The most Adam Long had hoped for was that they'd pull back a bit for a conference. He'd sought time, while he could pray for the coming of a land breeze and maybe think of something else.
But wild panic seized them. With a flash of oars, and bending low over the thwarts, they flustered away like a flock of shot-over birds.
An hour later, when the sun had set and a breeze had come at last, there was no sign of them.
"You have a voice of rare quality," the skipper told his passenger that night, "but I like it better up near like this."
"Maybe— Maybe what that man said is right."
"Maybe it is."'
"We keep on this way, Adam—the two of us here every day, every night—" She was trying to make it sound frivolous, as became her training, fashionable; but when he swiveled his eyes toward her he saw that she was staring mighty hard at a horizon that had nothing notably interesting about it and in fact could hardly be seen. "La, sir, it could even be that on some tropic night, under the rich rolling Caribbean moon, you could—well, sir, you could conceivably seduce me into bundling with you.
"You bundle with me," Adam said sententiously, "and it won't be with your skirt tied down over your feet."
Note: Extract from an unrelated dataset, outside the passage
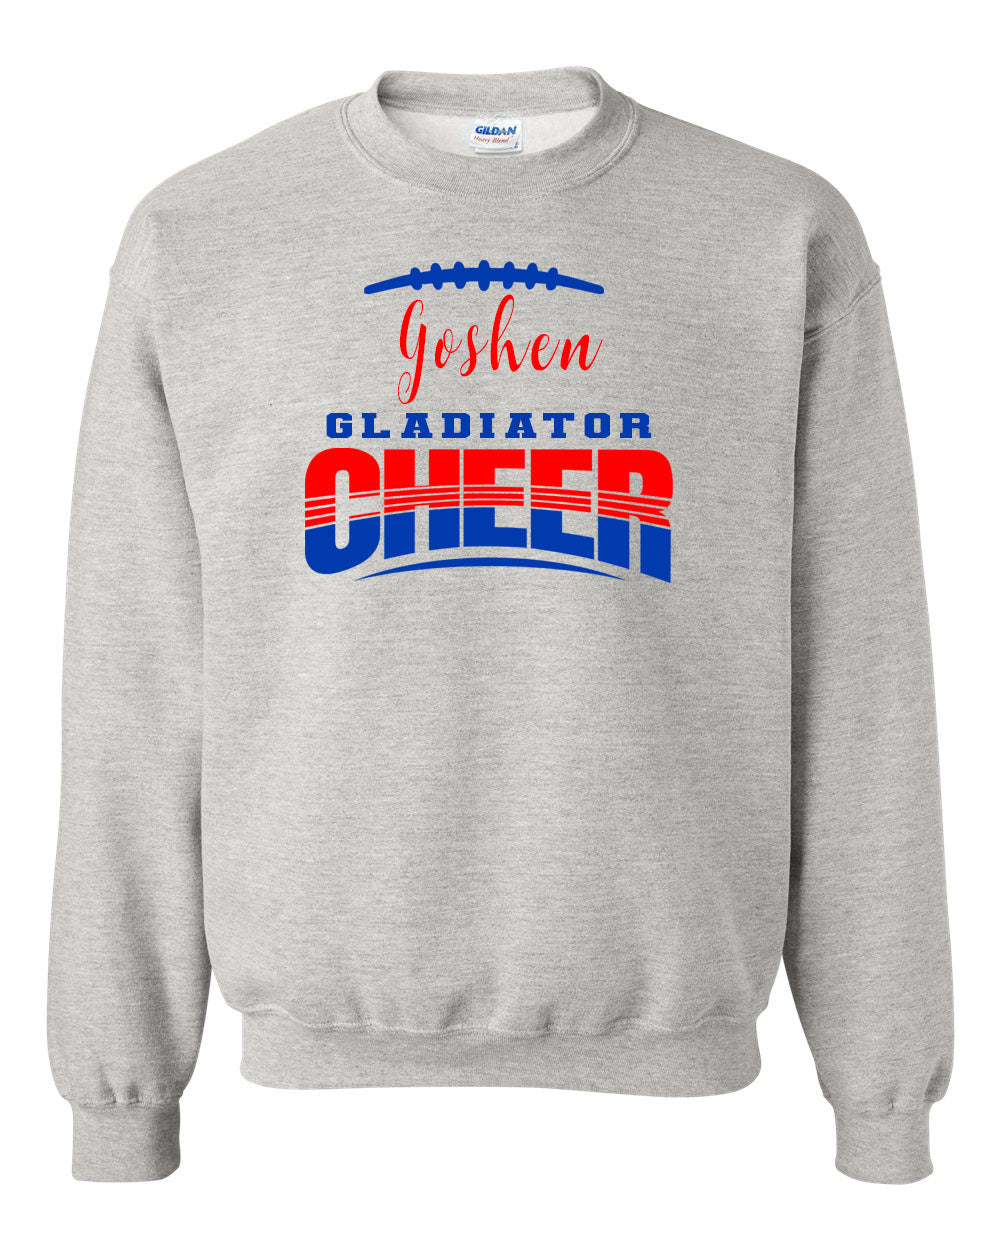 Goshen non hooded sweatshirt design 2

She tried to laugh at this, but the sound of a sob was heard, and when she started away he was afraid he had wounded her. But she came right back.
"No, really, maybe you'd better, Adam! Better return to Jamaica!"
He looked at her a long time, and it all but made his heart stop, she was so beautiful. Sitting next to her, occasionally brushing her arm or being brushed by a stray fluttering lock of her hair, perhaps watching her hands in her lap, was not like this now—gazing smack into her eyes. He seemed to rock and wobble. He felt that he might explode, blow up like a bombard, or else faint dead away. It was too much. He couldn't keep it up.